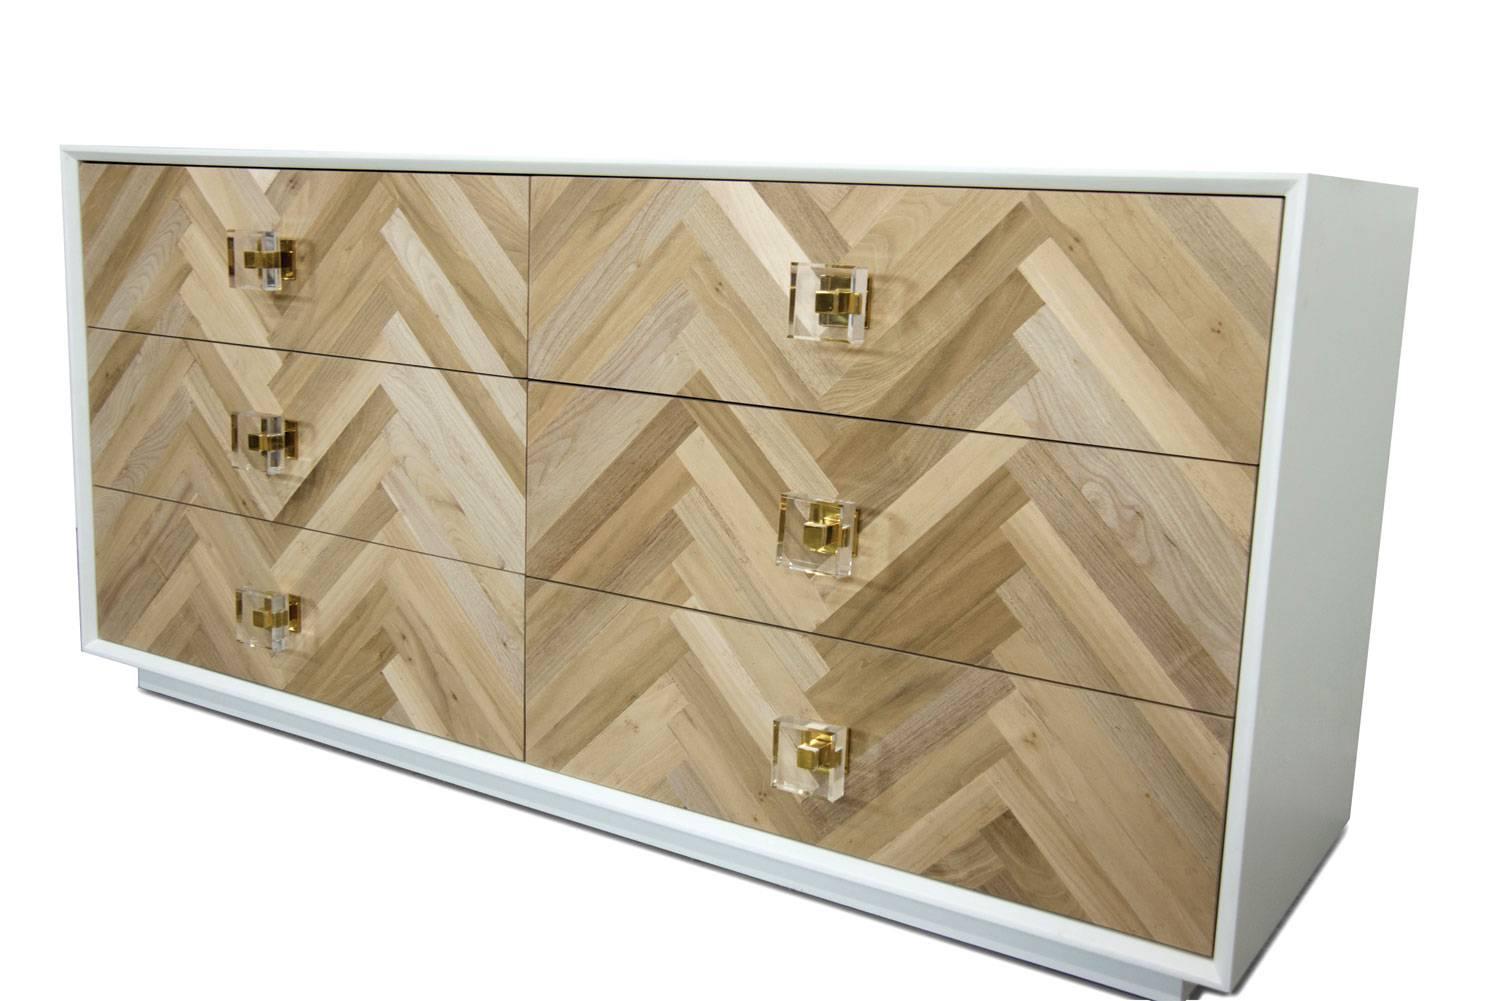 Our stylish new Amalfi dresser creates a solution to your storage needs. The door face is made of bleached walnut laid in chevron pattern. Together with matte white box and our beautiful brass and Lucite knobs creates the perfect mix of style and
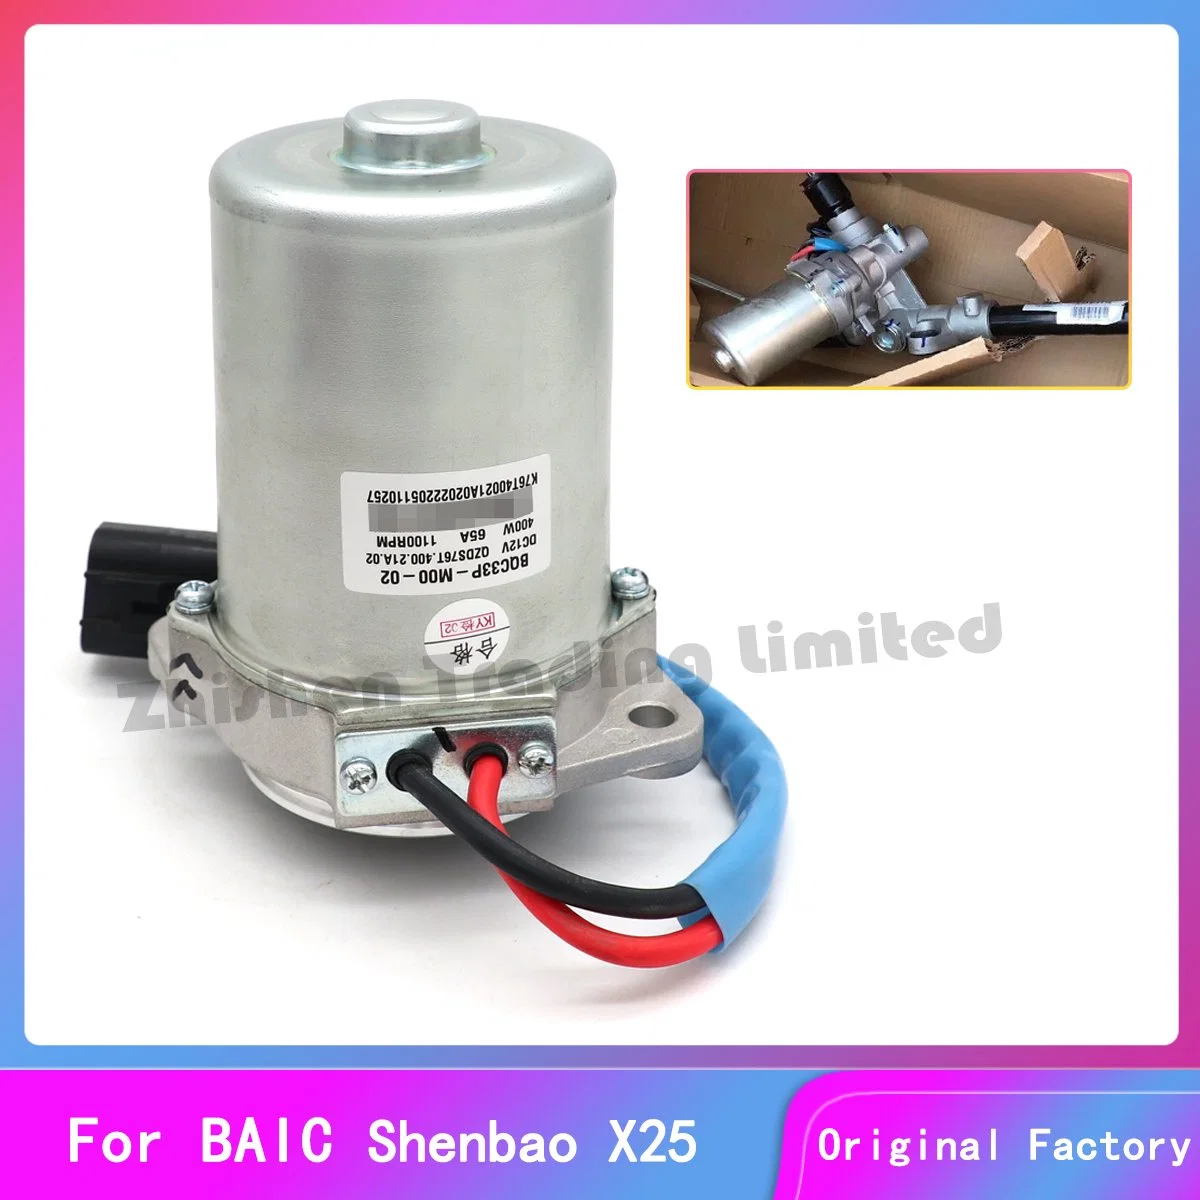 Baic Auto Spare Part Auto Accessory Car Spare Part Vehicle Part Automobile for Shenbao X25 Electronic Steering Machine Steering Motor Motor Original Factory
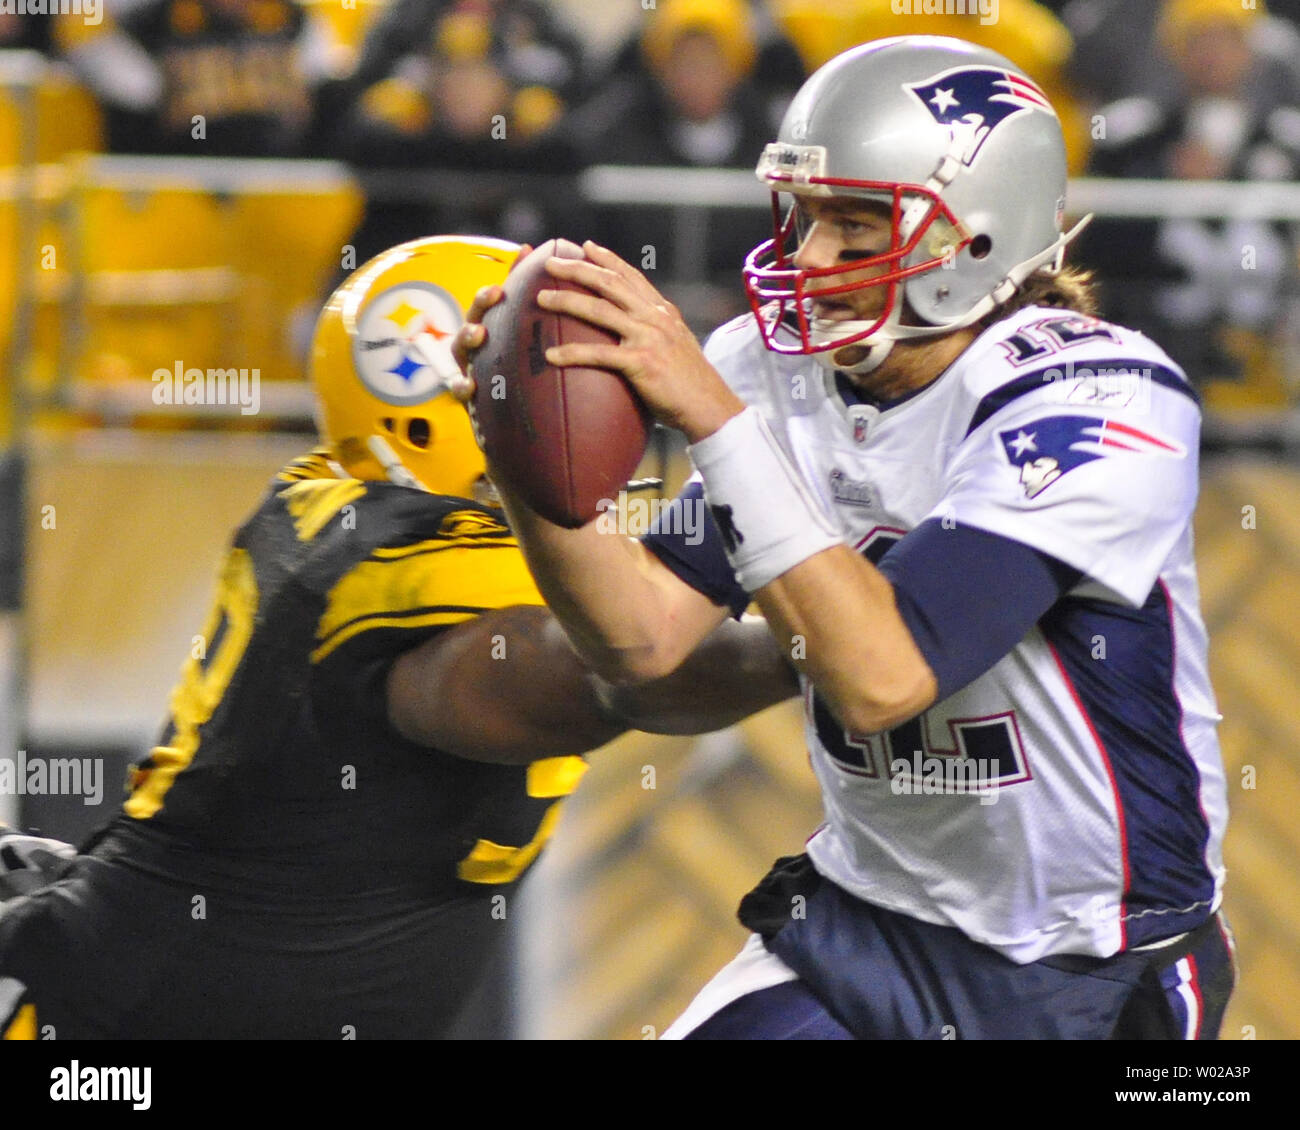 New England Patriots quarterback Tom Brady evades Pittsburgh Steelers  defensive tackle Casey Hampton and completes a pass in the third quarter of  the Patriots 39-26 victory over the Steelers at Heinz Field
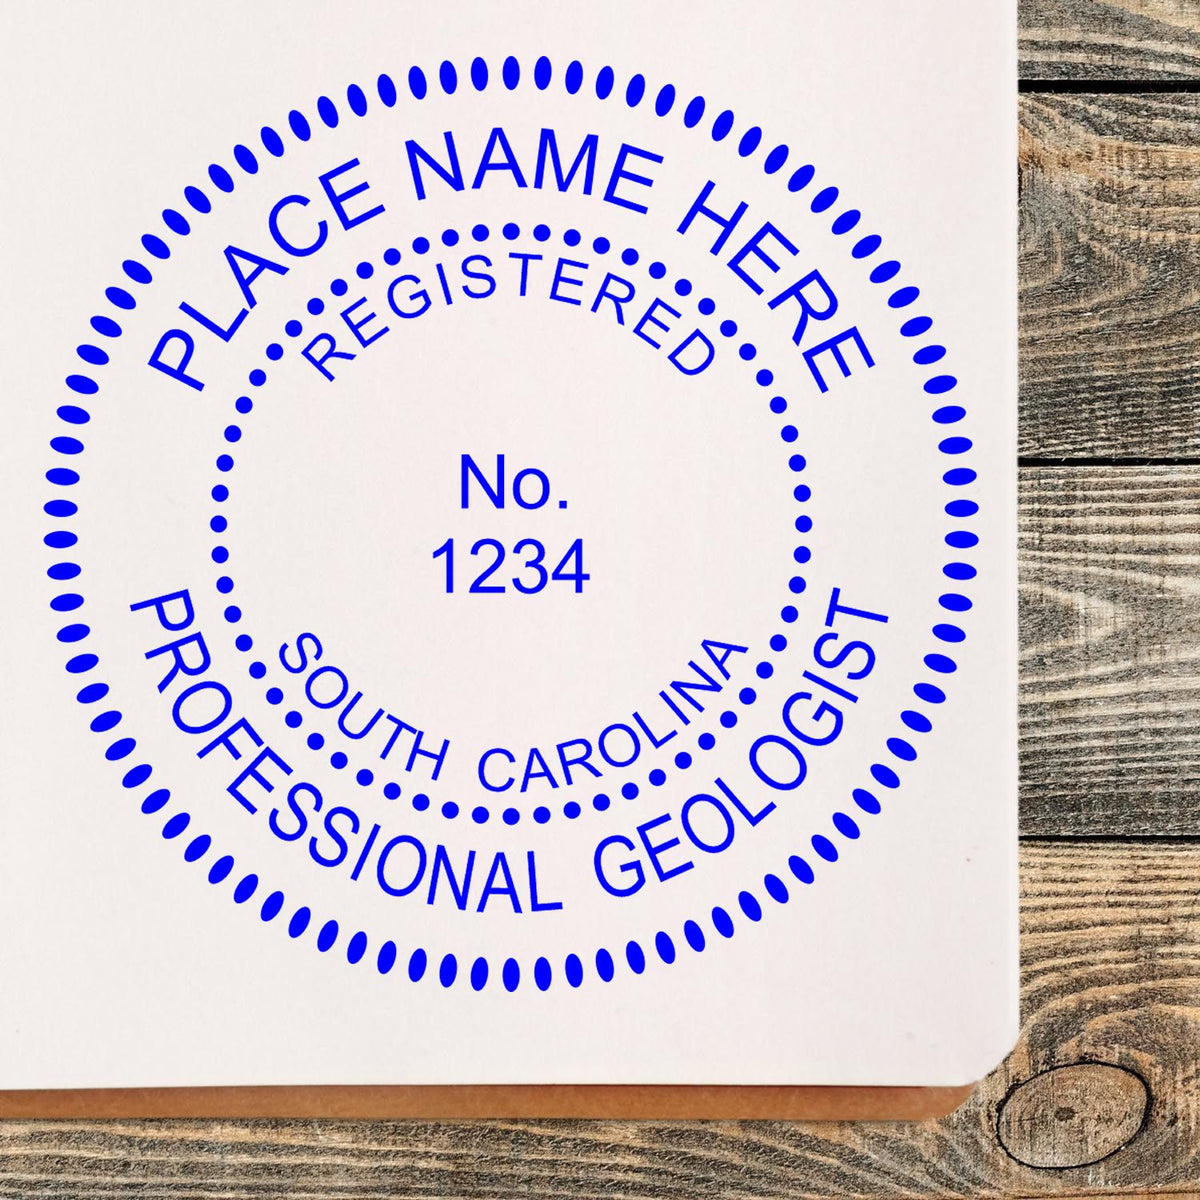 This paper is stamped with a sample imprint of the Self-Inking South Carolina Geologist Stamp, signifying its quality and reliability.

▶ **EXERCISE DESCRIPTION**:
Print the whole listing above exactly, and keep every picture out of the copy.

▶ **EXERCISE SOLUTION**:
 Our stylish new Amalfi dresser creates a solution to your storage needs. The door face is made of bleached walnut laid in chevron pattern. Together with matte white box and our beautiful brass and Lucite knobs creates the perfect mix of style and
 Baic Auto Spare Part Auto Accessory Car Spare Part Vehicle Part Automobile for Shenbao X25 Electronic Steering Machine Steering Motor Motor Original Factory
 New England Patriots quarterback Tom Brady evades Pittsburgh Steelers  defensive tackle Casey Hampton and completes a pass in the third quarter of  the Patriots 39-26 victory over the Steelers at Heinz Field
 This paper is stamped with a sample imprint of the Self-Inking South Carolina Geologist Stamp, signifying its quality and reliability.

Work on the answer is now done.